# Places to fish from bank near Mcdonough Ga?????



## dnelms37656 (Aug 26, 2011)

I maybe doing some training for a new job later this year in McDonough,Ga. 3 weeks at a time throughout the next year. Anyone recommend some areas to fish from the bank? Looks to be some small lakes around the area from Google Maps. Are most public areas or private?  

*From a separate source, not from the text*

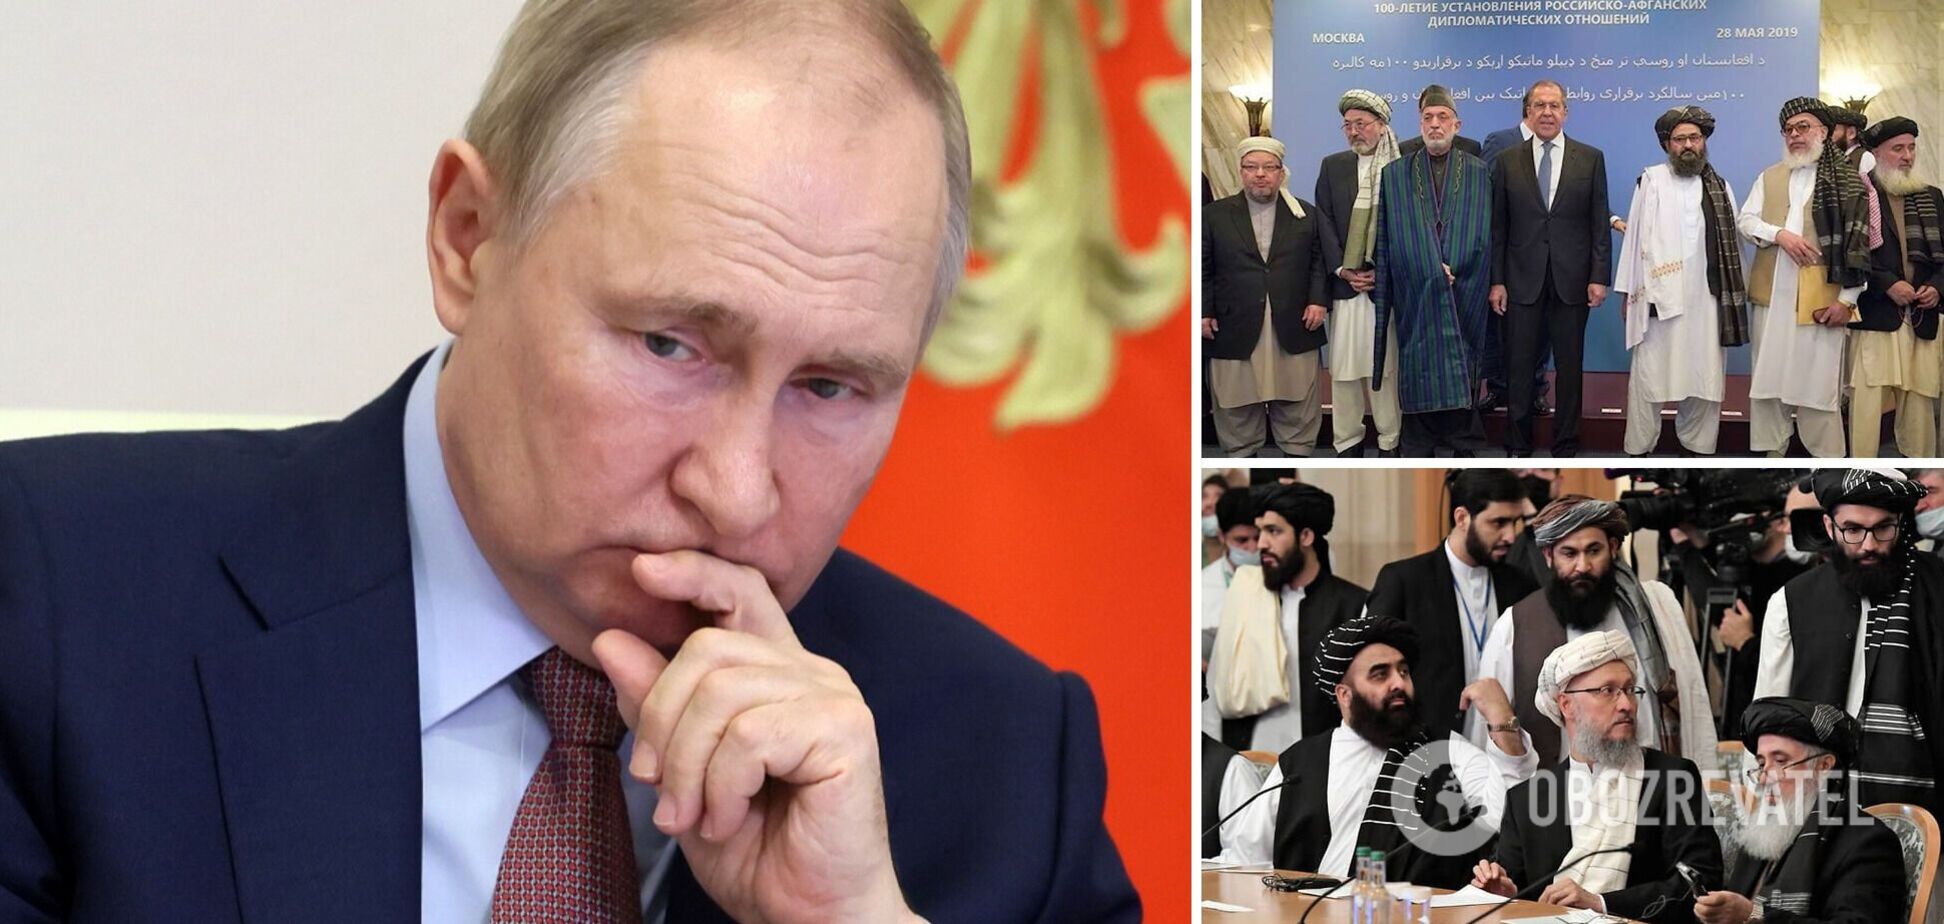 'Кокс закінчився?' Кремль зібрався говорити з 'Талібаном' про боротьбу з тероризмом, заяву жорстко висміяли в мережі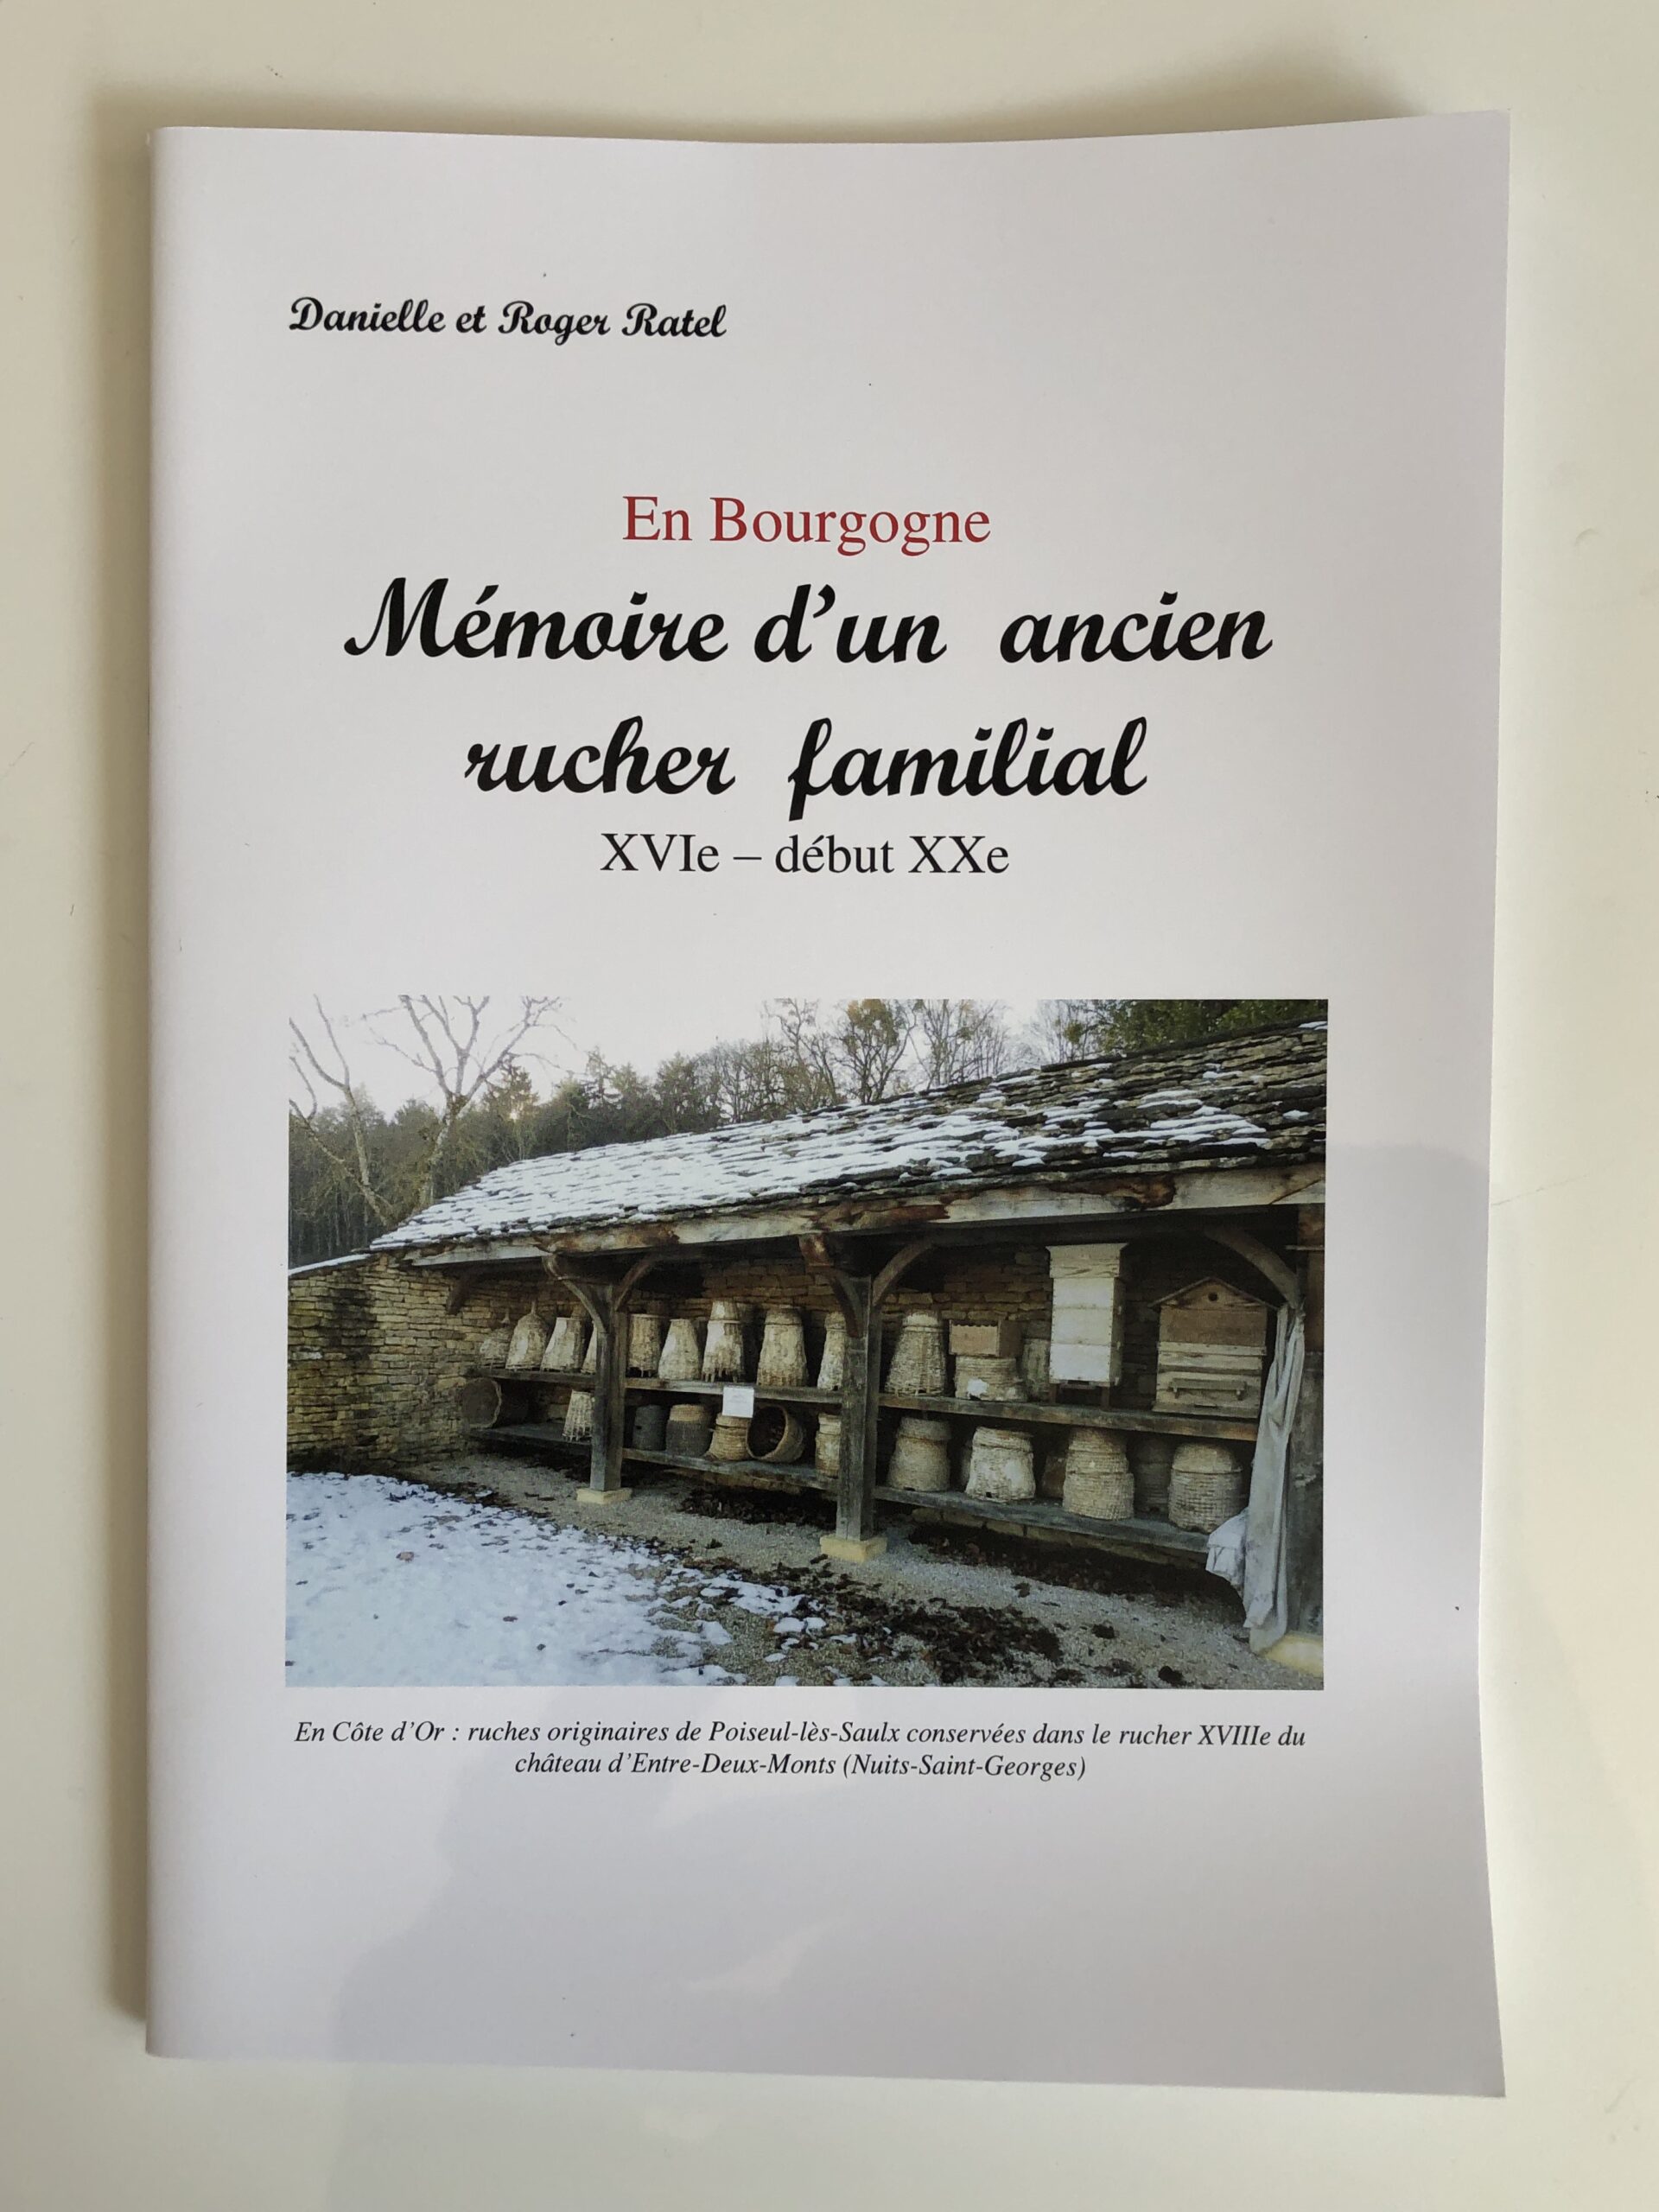 Livre “En Bourgogne, mémoire d’un rucher familial”

I'm out of state and would probably by a 1 year license if fishing is pretty good. Probably wouldn't be bringing a boat the 1st trip to the area.


----------



## dcg1026 (Aug 26, 2011)

There are some awesome Henry County resivors in McDonough and Locust Grove. I dont know your situation with work, but you have to be a resident of the county to fish them.


----------



## Buzzerbaits (Aug 26, 2011)

Pm me. I will take you out on a local fishing trip around there!  FISH ON !!


----------



## bpoulin (Aug 26, 2011)

Jackson Lake Dam, not too far from Mcdonough, and on the south side of the dam there is a fishing dock. The water is low now, but if they ever decide to generate I hear the fishing is great. Not bad for Gar right now though. Google Lloyd Shoals Park that's where the dock is at. Also High Falls park isn't far away, I've never fished it, but it's water...


----------



## steviedobbs27 (Aug 28, 2011)

The south river down hwy81 south is pretty good bank access. The Henry co resiviors are good but you have to be Henry Co resident. The Clayton county resivoirs are good and you dont have to be a resident. The Blalock and Shamrock resiviours are pretty close to Mcdonough up Jonesboro rd. They have websites with fishing info at Clayton county water authority site.


----------